Yukarıda verilen iki örnek, hukuk düzeninin adaleti sağlamak üzere müesses edildiği var sayımına dayanmaktadır. İlk ve ortaçağın hukuk düzenlerinin adaleti sağlamak üzere inşa edildikleri doğrudur. Bundan dolayı bu düzenlerin adaleti tam olarak sağlayamadığına dair yapılan eleştirilerin de gerçek bir bağlamı vardı. Çünkü adalet sağlamak üzere inşa edilen bir hukuk düzeninden adaleti beklemek her kesin hakkıdır. Bundan dolayı da yapılan eleştirilerin bir mantığı vardı.
Ancak mevcut modern hukuk düzenlerinin adaleti sağlamak üzere kurgulandıkları ve müesses oldukları şüphelidir. Adaleti sağlamayı amaçlayan bir hukuk sistemi ile toplumsal düzeni sağlamayı veya toplumu/kamusal alanı korumayı amaçlayan bir hukuk düzeni arasında ciddi bir farkın olduğunu konuyla ilgilenenler bilir. Modern hukuk düzenleri öncelikle kamusal düzeni korumayı gerçekleştirmek üzere tesis edilmişlerdir. Adalet gibi soyut bir amacı gerçekleştirmeyi hedeflemiyorlar.

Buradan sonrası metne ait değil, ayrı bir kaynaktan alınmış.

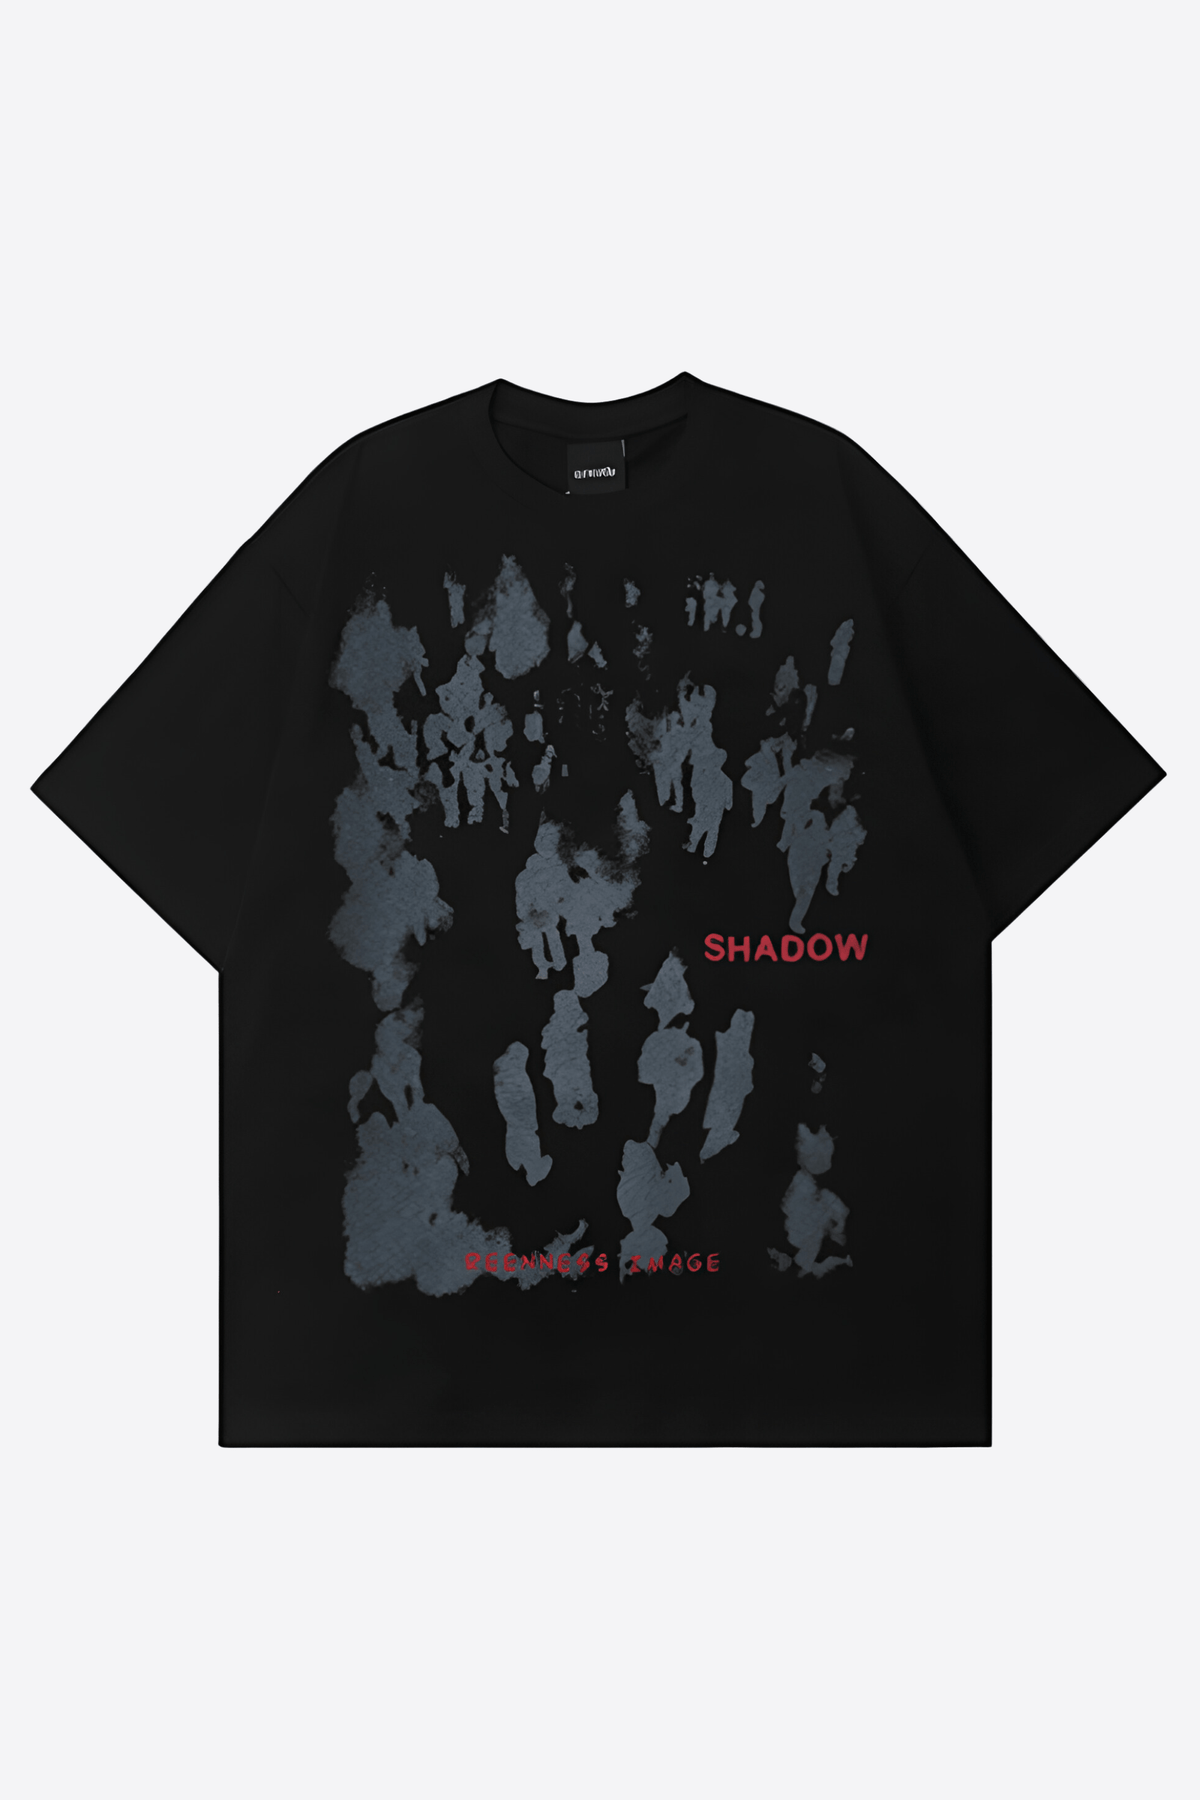 Alessandro Toscani™ Black / S SASHA™ | Streetwear Shadow T-Shirt

Adalet ile kamusal düzen karşıtlığı gibi bir durum var ortada. Belki birçok kimse adalet varsa kamusal düzen de vardır, inancındadır. Bu geleneksel toplumlar için düşünülen bir durumdur. Eski geleneğin rüzgarının etkisinde kalınarak varılan bir kanaattir. Modern toplumlar için adaletle kamusal düzen arasında sanıldığı gibi doğrudan bir ilişki yoktur. Kamusal düzen modern bakış açısı ile düşünüldüğünde, bilimsel olarak, teknik bir tarzda düzenlenmiş olan düzendir. Aslında bu tartışma yeni de değildir. Umumun menfaati için, adaletten vaz geçme veya bazı hakların kullanımını askıya alma gibi bir durumun ortaya çıktığı da zaman zaman görülmüştür.

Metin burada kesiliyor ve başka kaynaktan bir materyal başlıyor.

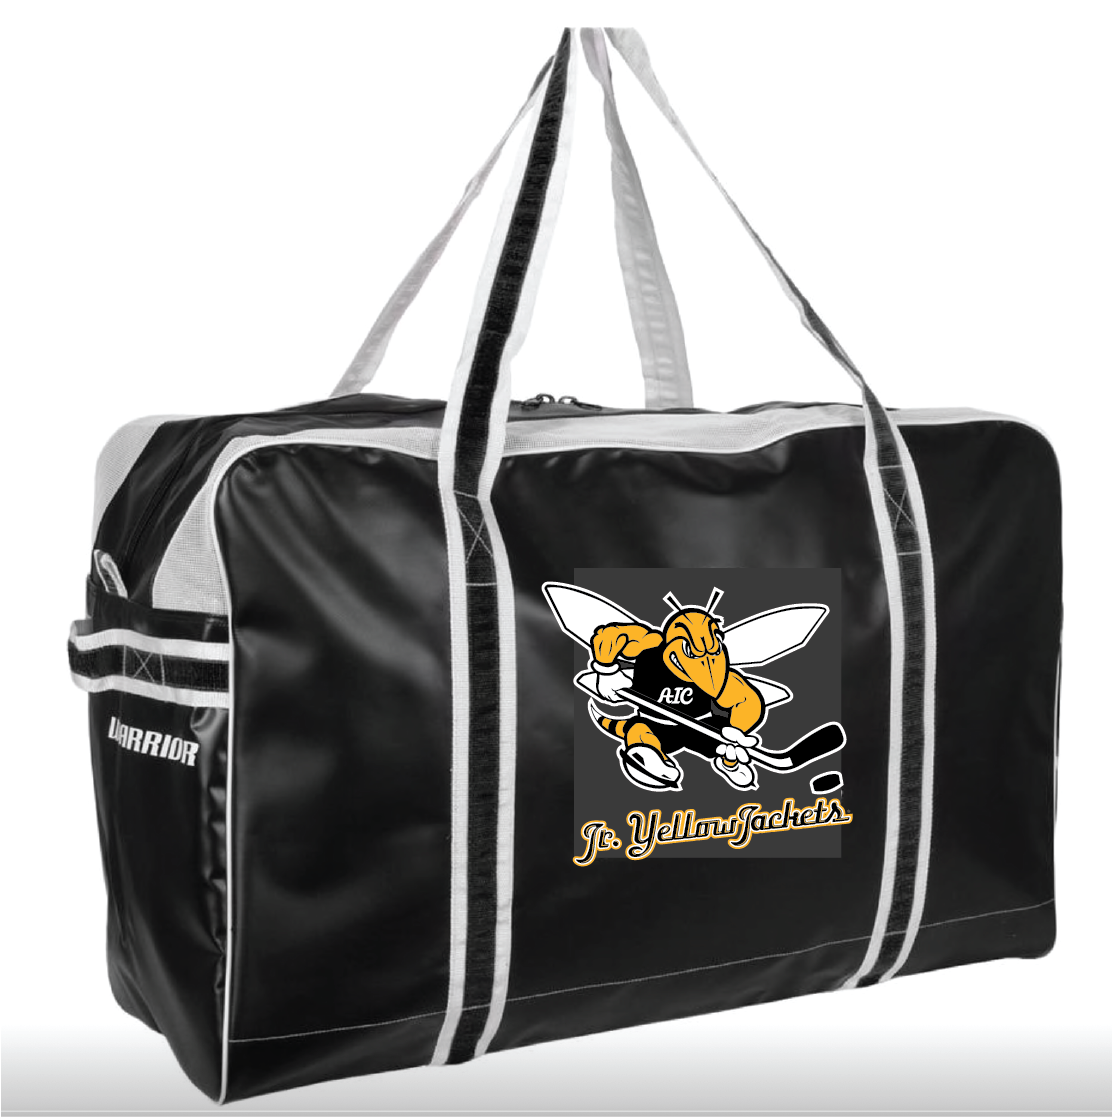 Jr Yellow Jackets Warrior Pro Hockey Bag - DK's Hockey Shop

Türkiye’de son zamanlarda vicdanların kabul etmediği ve mevcut meri kanunların içerikleri ile bağdaşmayan birçok yargı kararı gündeme gelmektedir. Yargıtay, danıştay ve diğer yargı kuruluşu üyelerinin kendi aralarında gruplaştıkları, birçok siyasi tartışmada taraf oldukları ve hukuki kararlar verirken de tarafgir davrandıkları ortaya çıkmış bulunmaktadır. Bu durumu birçok kimse bağımsız yargı anlayışı ile bağdaştırmıyor. Ancak bunun mevcut hukuk düzenindeki bir sapma olarak ele alınması yanıltıcı olabilir. Çünkü mevcut hukuk düzeni, adaleti sağlamak üzere kurgulanmış değildir.

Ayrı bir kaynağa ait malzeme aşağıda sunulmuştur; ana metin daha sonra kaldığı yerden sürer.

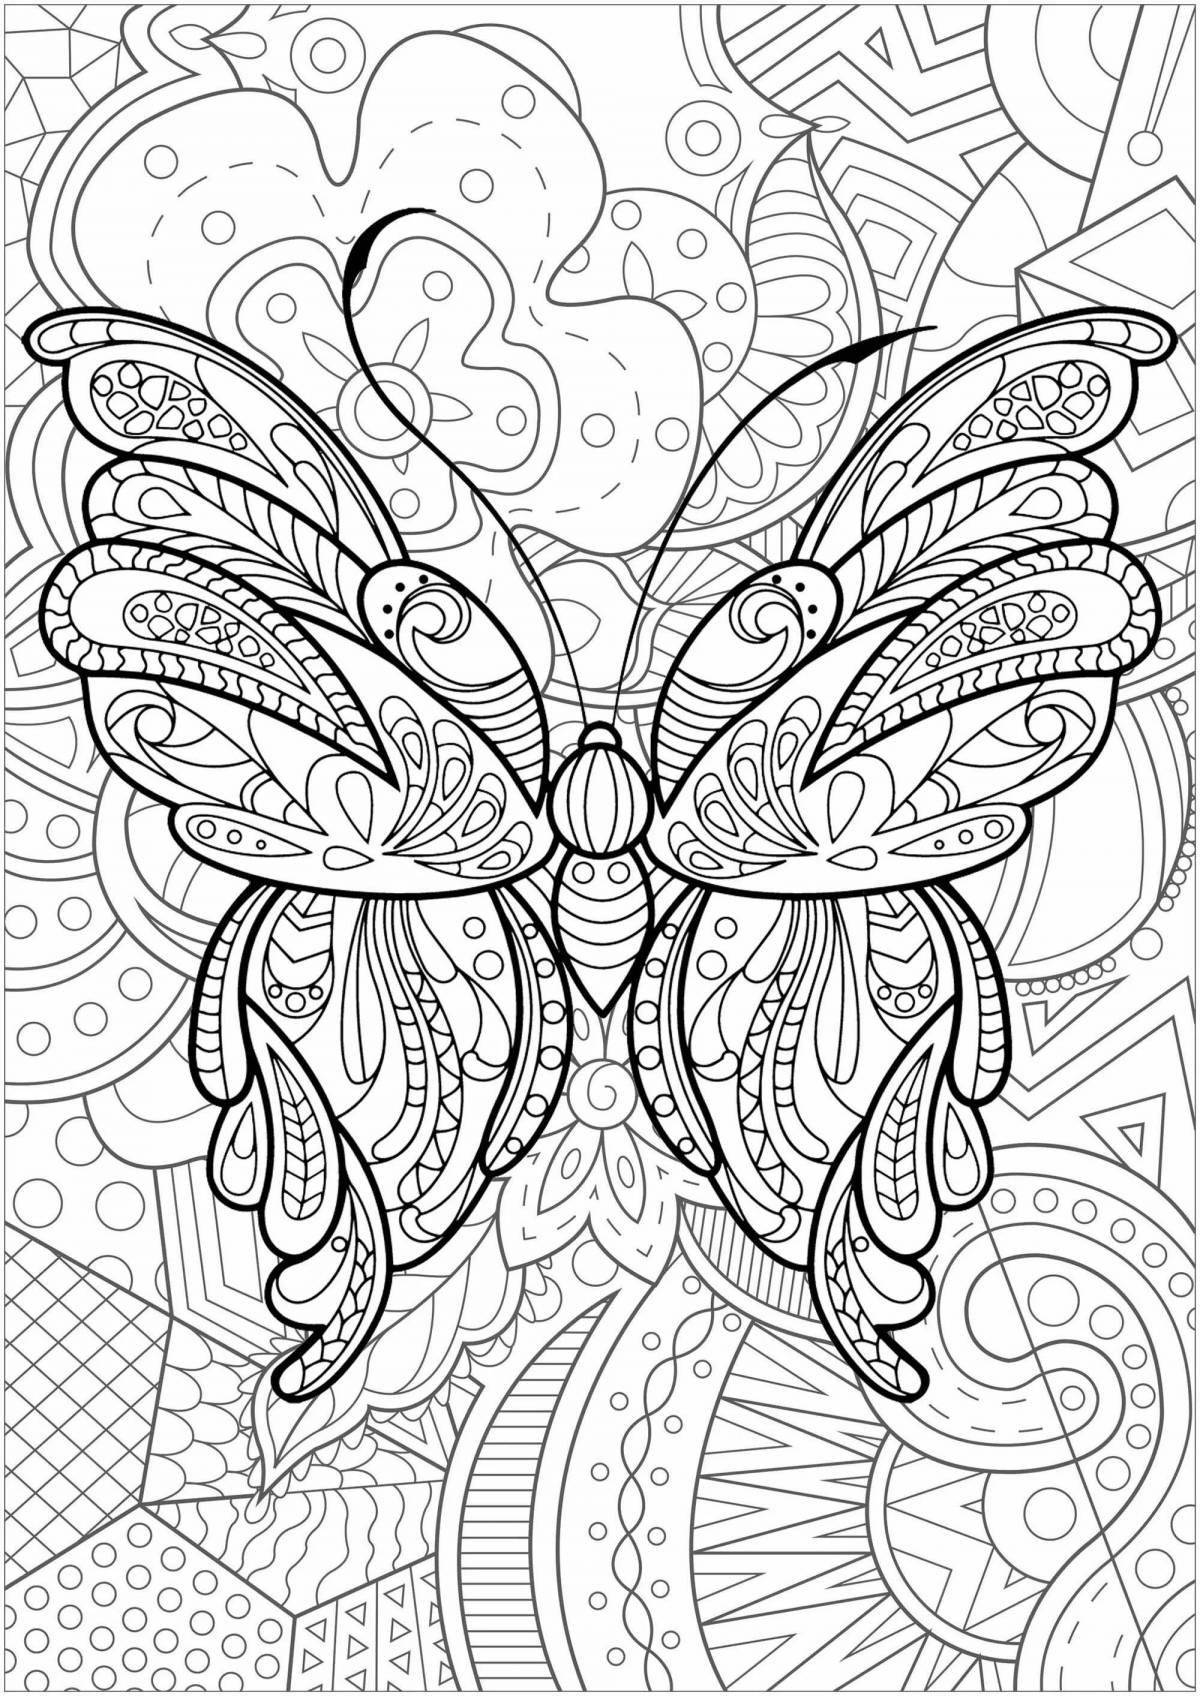 Fun anti-stress coloring book butterfly

Modern hukuk düzenleri, toplumsal düzeni, kamusal alanı koruma ve kollamak üzere kurgulanmıştır. Durum böyle olunca, bu kurumların üyeleri adil davranan hakimler olarak kendilerini göstermezler; işgal ettikleri iktidar alanının temsilcileri olarak kendilerini ifade ederler. Böylece muktedir güçlerle birlikte öremcek ağı denilen yazılı kanunları çekinmeden çiğnerler. Çünkü yargı mensupları bürokratik işleyişin bir uzantısı olarak güç savaşlarının yargıdaki uzantılarıdır. Bundan dolayı yargı sistemi kolaylıkla delinmektedir. Örümcek ağı gibi sadece madun ve güçsüz kesimleri engellemektedir. Güçlü ve ceberutların yolunu ise açmaktadır.